I also leave the testing code below in spoiler, so you can see where I was storing the values.

Spoiler


void App::GameLoop()
{
	/*DEBUG*///////////////
	std::vector<std::string> UpdateCall;
	std::vector<std::string> NextUpdateVals;

	Timer->Restart();
	while (Game->IsRunning())
	{
		time_point<steady_clock>& CurrentTime = Timer->Tick();

		/*DEBUG*///////////////
		SDL_SetRenderDrawColor(Renderer, 55, 55, 55, SDL_ALPHA_OPAQUE);
		SDL_RenderClear(Renderer);

		//UPDATE
		while (CurrentTime >= Timer->NextUpdateTime)
		{
			/*DEBUG*///////////////
			int CurrentMs = duration_cast<milliseconds>(CurrentTime - Timer->TimeBegin).count();
			int NextUpdateMs = duration_cast<milliseconds>(Timer->NextUpdateTime - Timer->TimeBegin).count();
			UpdateCall.push_back(std::to_string(CurrentMs));
			NextUpdateVals.push_back(std::to_string(NextUpdateMs));
			
			Game->Update();
			Timer->NextUpdateTime += Timer->GameUpdateTPS;
		}

		//DRAW
		Game->Draw(0.f/*Timer->DrawTick()*/);

		//Testing the loop from here.
		/*DEBUG*///////////////
		Timer->DrawTick();


		//1 seconds worth of Updates. Step marks at 40ms spacing
		int spacing = 100, border = 50;
		float fixedUpdate = 40;
		for (int i = 0; i < NextUpdateVals.size(); i++)
		{
			auto& val = NextUpdateVals[i];
			DrawDebugText(Renderer, val, Point{ border + spacing*i,180 }, Color{ 150,110,40,255 });
			DrawDebugLine(Renderer, Point{ border + spacing*i,200 }, Point{ border + spacing*i,230 }, Color{ 150,110,40,255 });
		}
		//Draw and compare the recorded value of when we entered UpdateLoop
		for (int i = 0; i < UpdateCall.size(); i++)
		{
			auto& val = UpdateCall[i];
			int scaledToGraph = (std::stof(val) / fixedUpdate) * spacing;
			DrawDebugText(Renderer, val, Point{ border + scaledToGraph,400 }, Color{ 215,130,40,255 });
			DrawDebugLine(Renderer, Point{ border + scaledToGraph,390 }, Point{ border + scaledToGraph,234 }, Color{ 215,130,40,255 });
		}

		SDL_RenderPresent(Renderer);
		/*DEBUG*/////////////////////////////////////////
	}
}

 

 

Vsync affects how long it takes to render. There is no way it can affect the timing of the main update code. I have no idea what those pictures are supposed to represent, but whatever you're measuring, it's wrong.

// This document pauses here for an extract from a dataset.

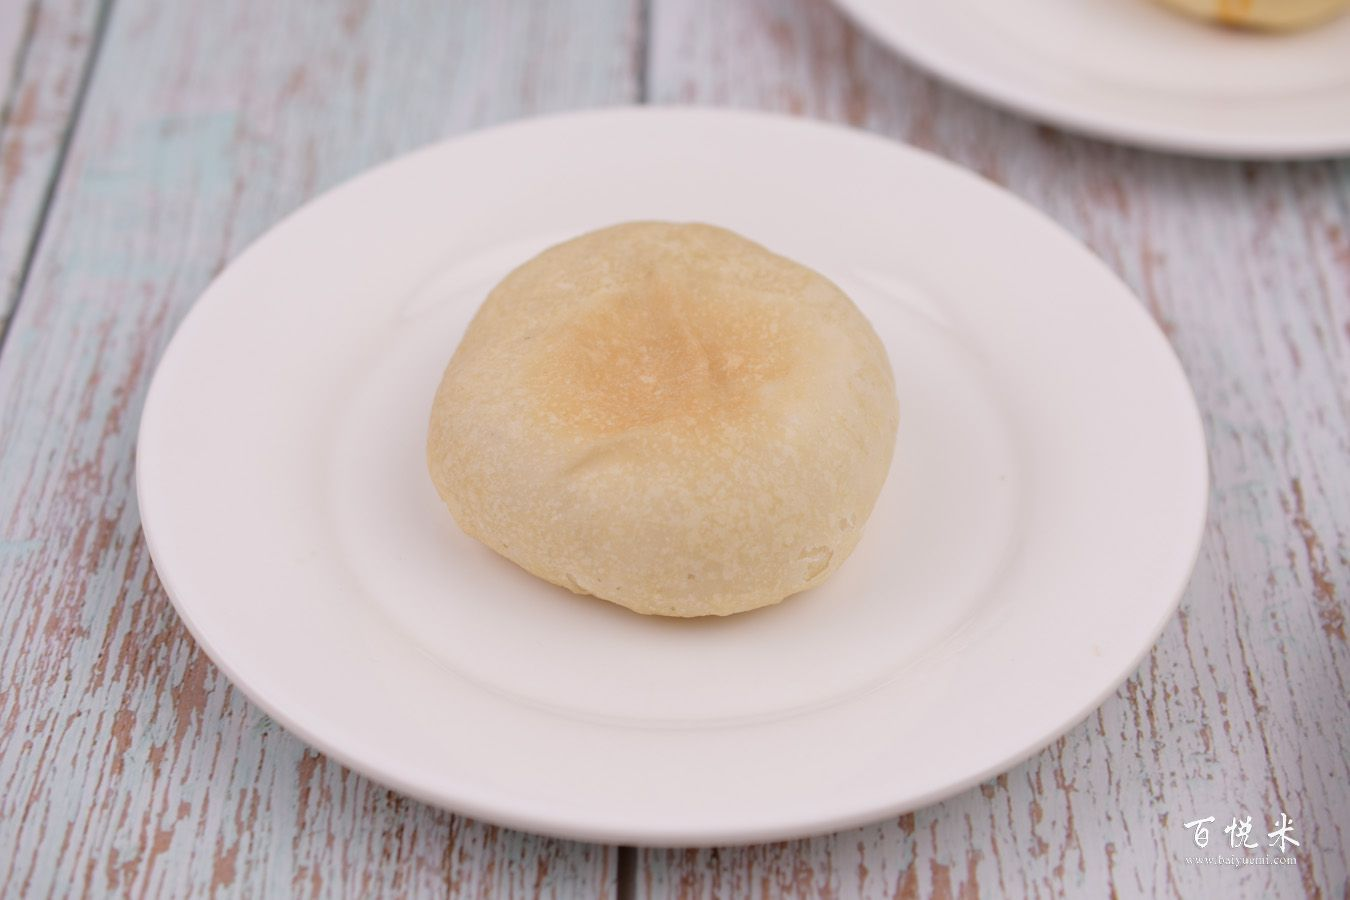 酥皮绿豆饼的做法大全,酥皮绿豆饼西点培训图文教程分享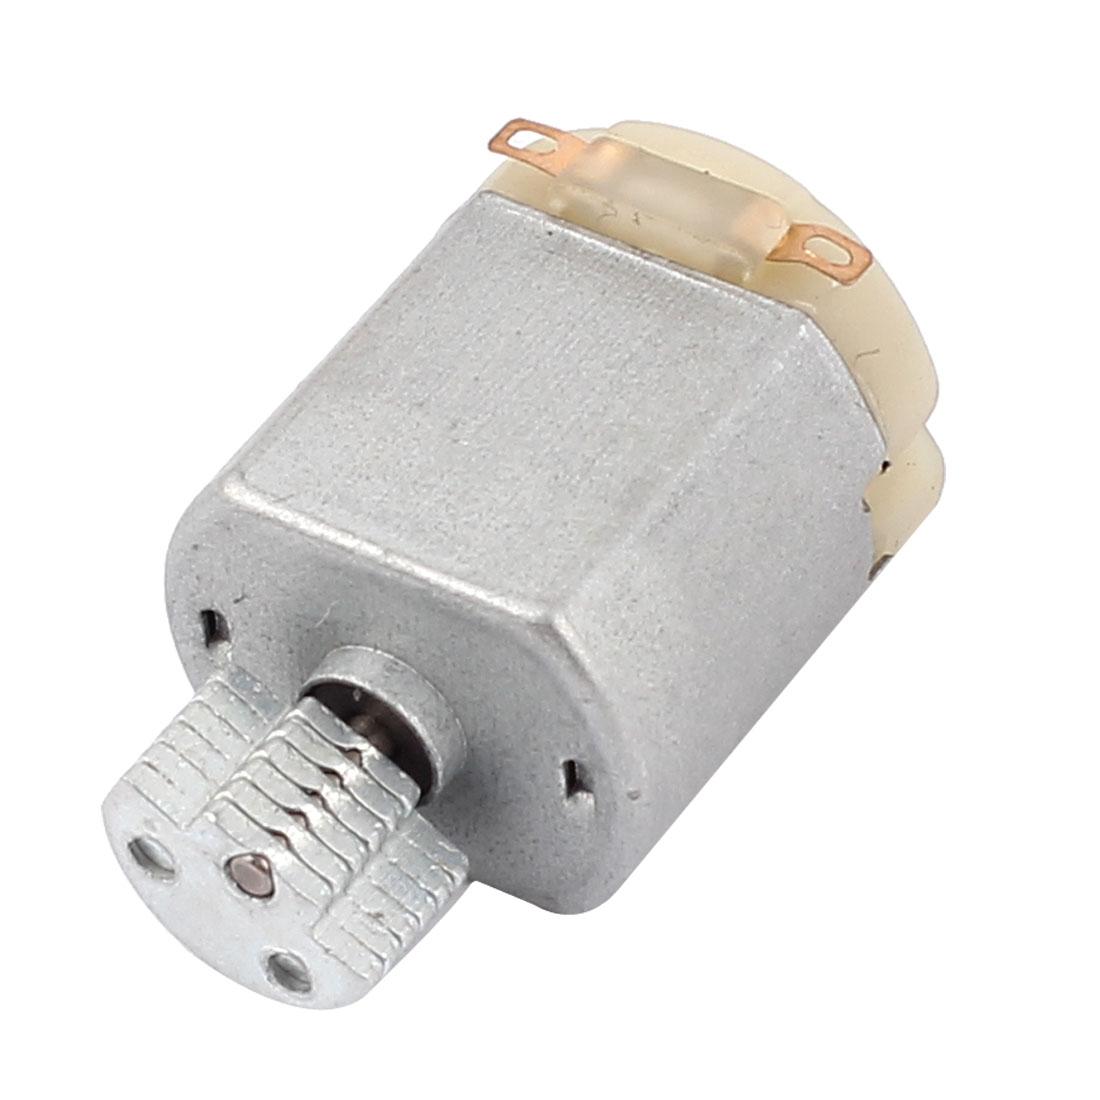 DC 3V 5000RPM Mini Vibration Vibrating Electric Motor for Toy Massager

The fact you're talking about a fixed update as if it's meant to happen every 40ms, or like it's a thing to be scheduled, implies you don't understand what the system is doing. Fixed updates do not occur every X milliseconds. They happen whenever they happen, but they represent X milliseconds. You need to perform as many of them as needed to 'catch up' to the current time, and the remainder is what makes up the interpolation or extrapolation value for extra rendering smoothness.

Having vsync on does, by definition, imply that your rendering will take slightly longer, as it has to wait to synchronise the rendered frames with the update rate of the display hardware. This is not a bug, but a feature. Frame times will be larger on average, but usually much more regular. This may mean that you end up performing more fixed-step updates per rendering frame, as you have more time to make up between each one. Again, this is a feature, not a bug.